Nextcloud, Jellyfin, my own personal photography website, and a Valheim server, all done via docker-compose because I haven't spent the time to learn other container tech yet. I've been hearing a lot about podman, what are the benefits over docker for you?

[-] ratz@chatsubo.hiteklolife.net 6 points 1 year ago

Mainly selected podman for the security, it doesn't rely on a daemon and supported rootless containers before docker did. Easy to just come up with a pattern where you can minimise the risk of container breakout by having a user for each container stack to provide even more isolation. You can do the same with docker these days I think, each user just runs their own copy of the docker daemon. The aim of the project was to achieve 1:1 compatibility, I think it's pretty close these days.
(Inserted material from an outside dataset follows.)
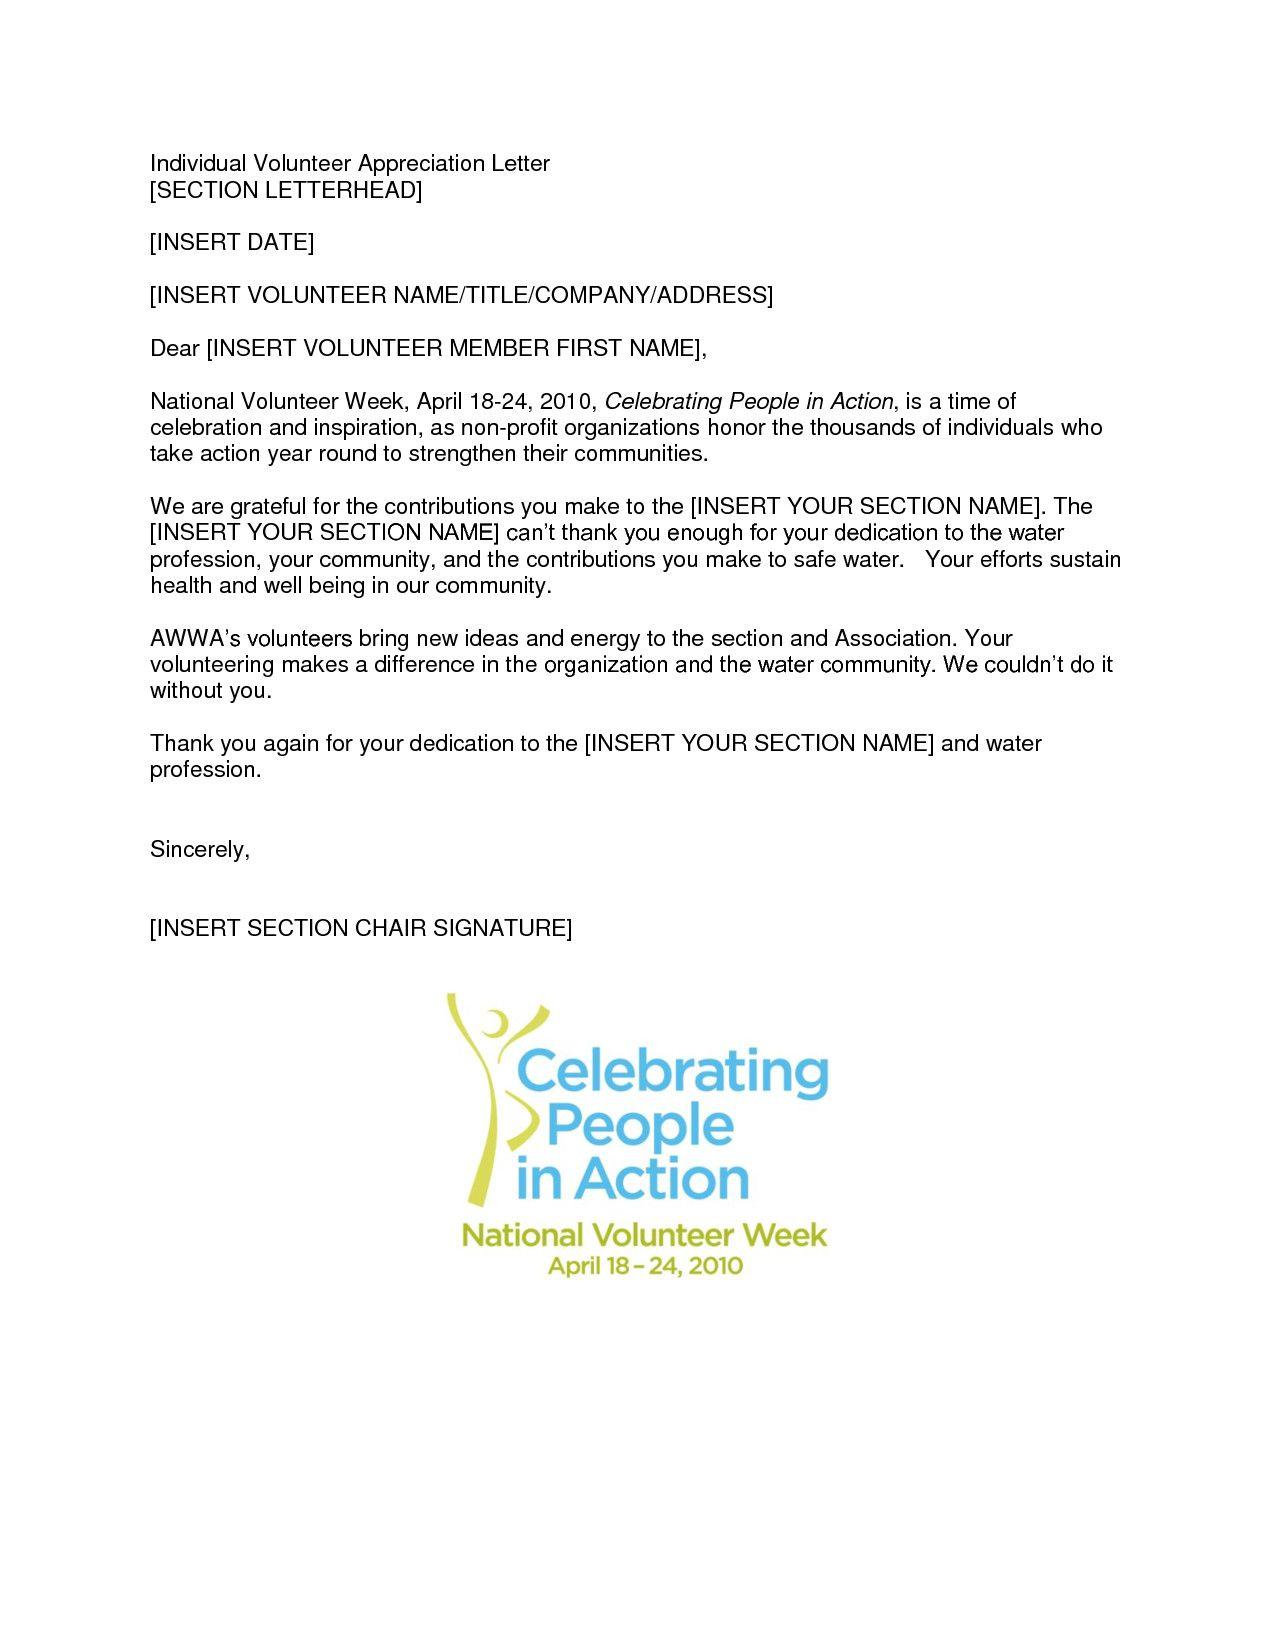 Volunteer Letter Of Appreciation Template Beautiful Volunteer
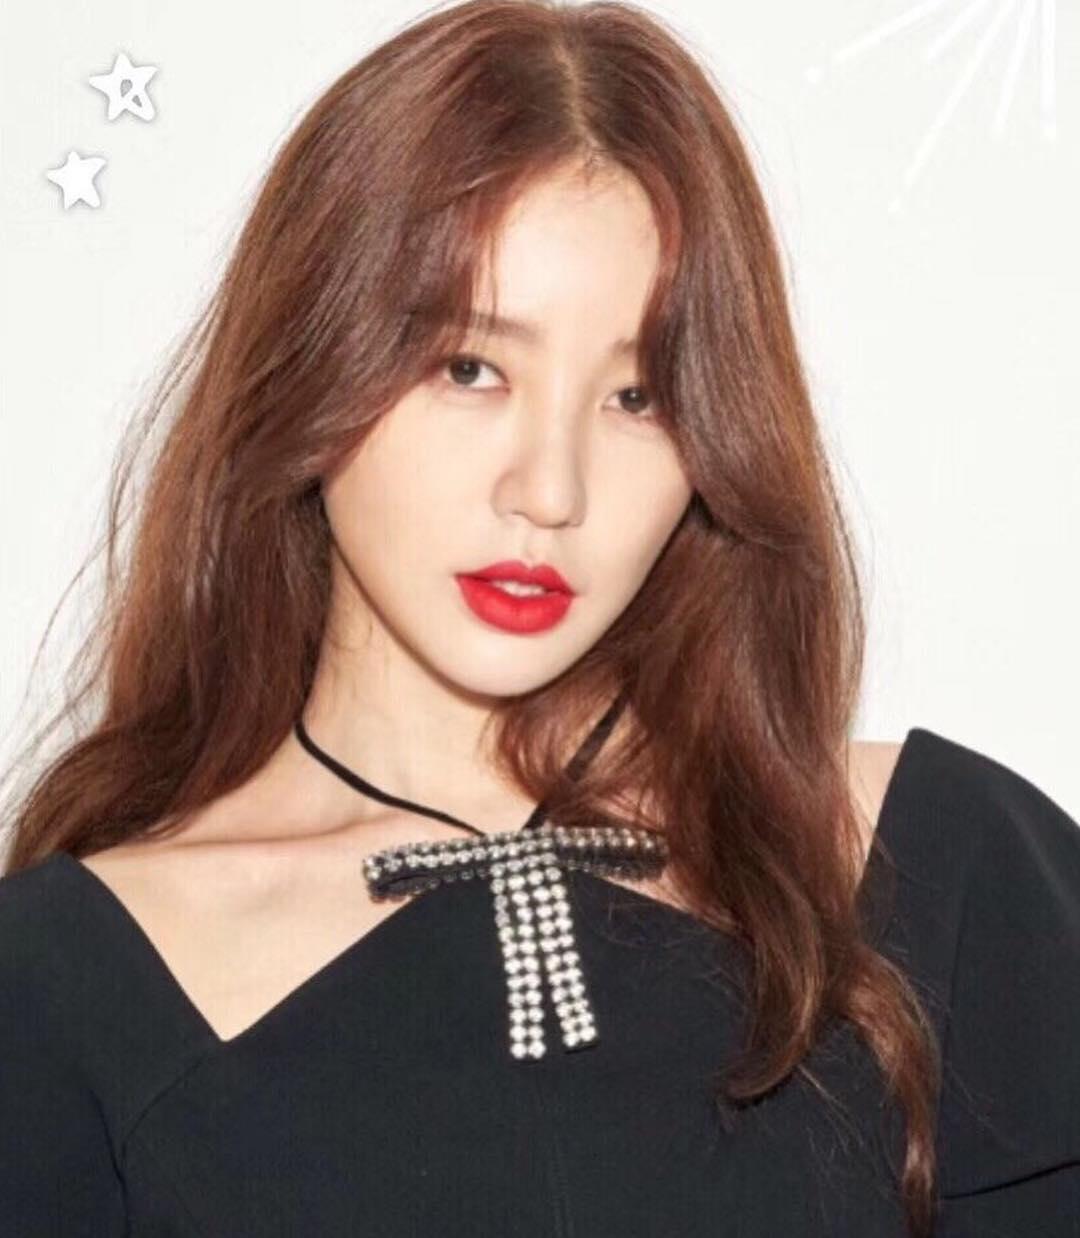 Hallyu Yoon Eun Hye on Twitter: Yoon Eun Hye dress info

It's also native to the Redhat family so could avoid using the community edition of Docker.

[-] Molecular0079@lemmy.world 3 points 1 year ago

Thanks! I'll check it out. I am in the process of building a new hosting machine (my old QNAP NAS died) so I think now's a good time as any to switch to a new container tech.

[-] ratz@chatsubo.hiteklolife.net 4 points 1 year ago

Docker is still what 95% of people think of when you talk containers and you may encounters issues, particularly running things rootlessly as it's not a use-case that developers necessarily support. Not to discourage you at all, experimentation is great, but be prepared for thorns. 👍

this post was submitted on 20 Jul 2023
404 points (97.9% liked)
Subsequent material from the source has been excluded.